I believe that people aren't your greatest assets, they are your only assets. My platform and background for leadership has always been grounded in authenticity to who I am and centered on diversity and inclusion. I immigrated to the US from Chile when I was 10 years old and so I know the power and beauty that comes from leaning into what makes you different from other people, and that's what I want every person in my marketing organization to feel – the value in bringing their most authentic self to work every day. The way our employees feel when they show up for themselves authentically is how they will also show up for our customers, and strong relationships drive growth.

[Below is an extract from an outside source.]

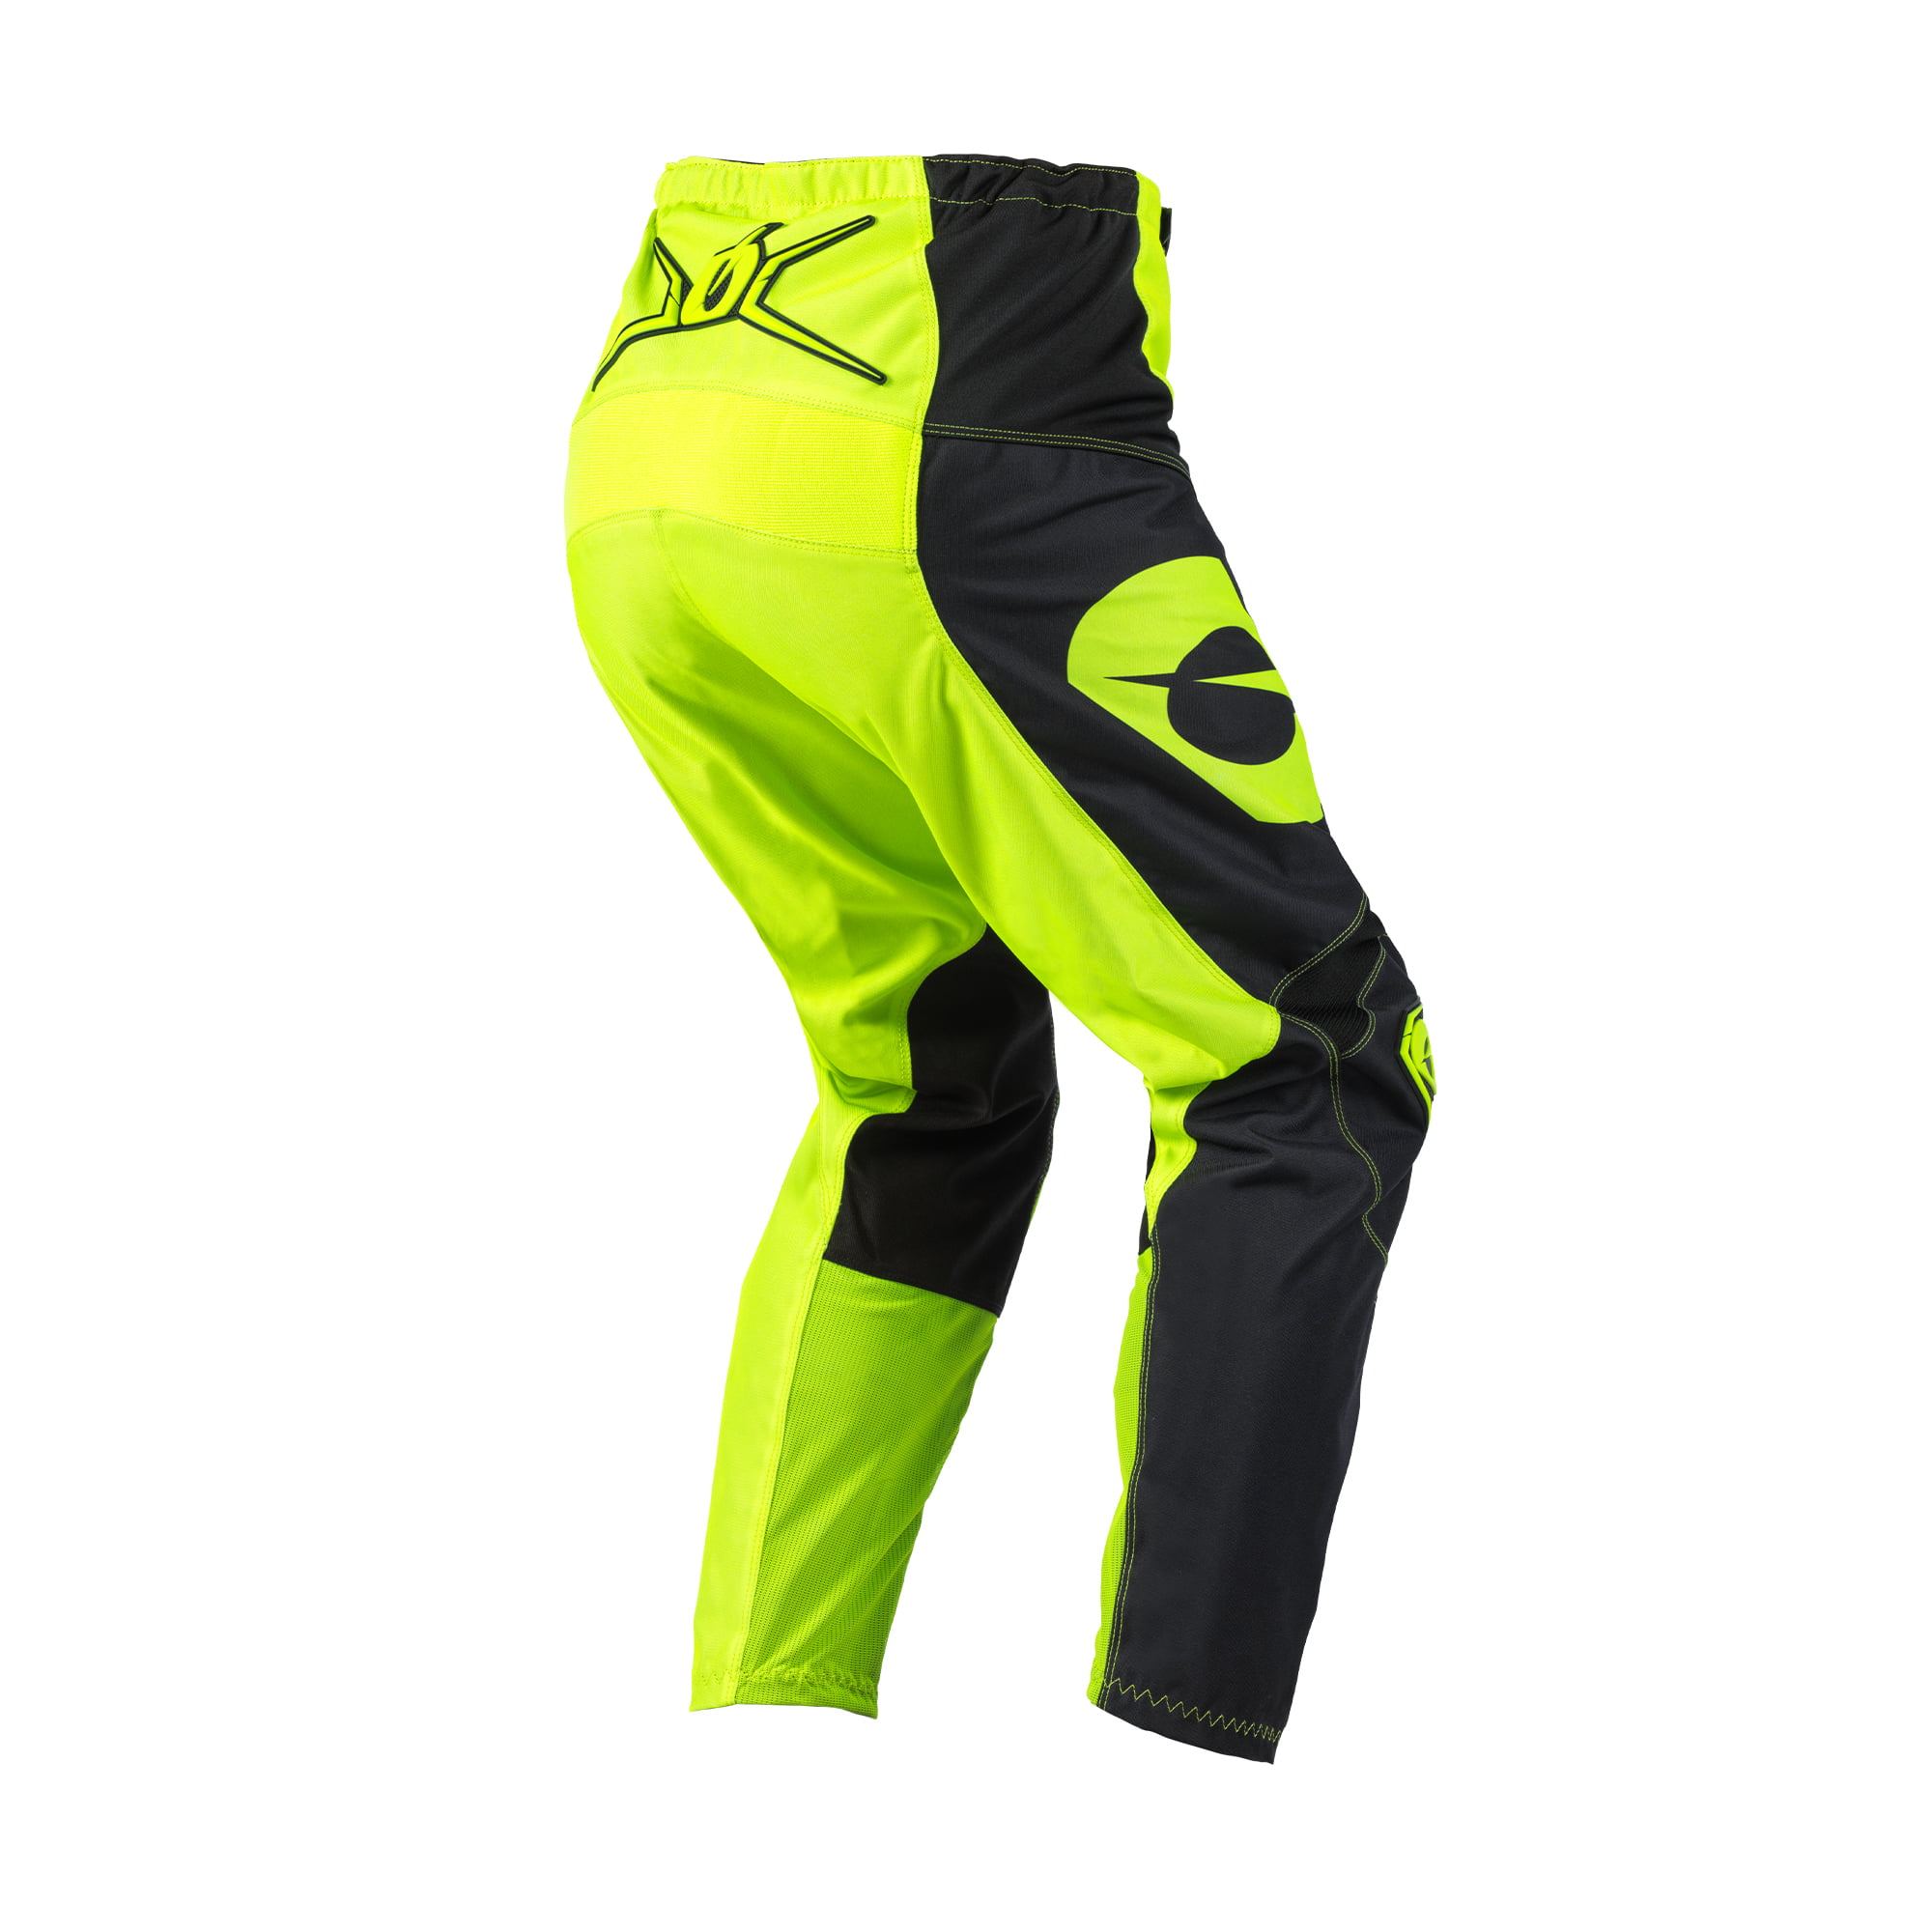 Jersey Adult Small/Pants W28 Oneal Element Racewear Black/Neon Motocross Dirt bike Offroad MX Jersey Pants Combo Package Riding Gear Set

I think this is especially true in light of a world forever changed by the pandemic. Living through such an unprecedented time has reinforced that we are all humans. We can't lead or care for one another without empathy and I think leaders everywhere have been reminded of this.

What’s the best leadership advice you’ve received?

When I was growing up as an immigrant in North Carolina, I often wanted to be just like everyone else. But my mother always told me: Be unique, be memorable – you have an authentic view and experience of the world that no one else will ever have, so don't try to be anyone else but you.

What does success look like to you?

I think the concept of success is multi-faceted. From a career perspective, being in a job where you're respected and appreciated, and where you can see how your contributions are providing value by motivating your teams to be better – that's success! From a personal perspective, there is no greater accomplishment than investing in the next generation. I love mentoring younger professionals – they are the future. I want my legacy as a leader to include providing value in work culture, but also in leaving a personal impact on the lives of professionals who will carry the workforce forward. Finding a position in life with a job and company that offers me a chance at all of that is what success looks like to me.

What advice would you give to your younger self just starting out in the industry?

I've always been a naturally curious person and it's easy for me to over-commit to projects that pique my interest. I've learned over years of practice how to manage that, so to my younger self I’d say… prioritize the things that are most important, and then become amazing at those things.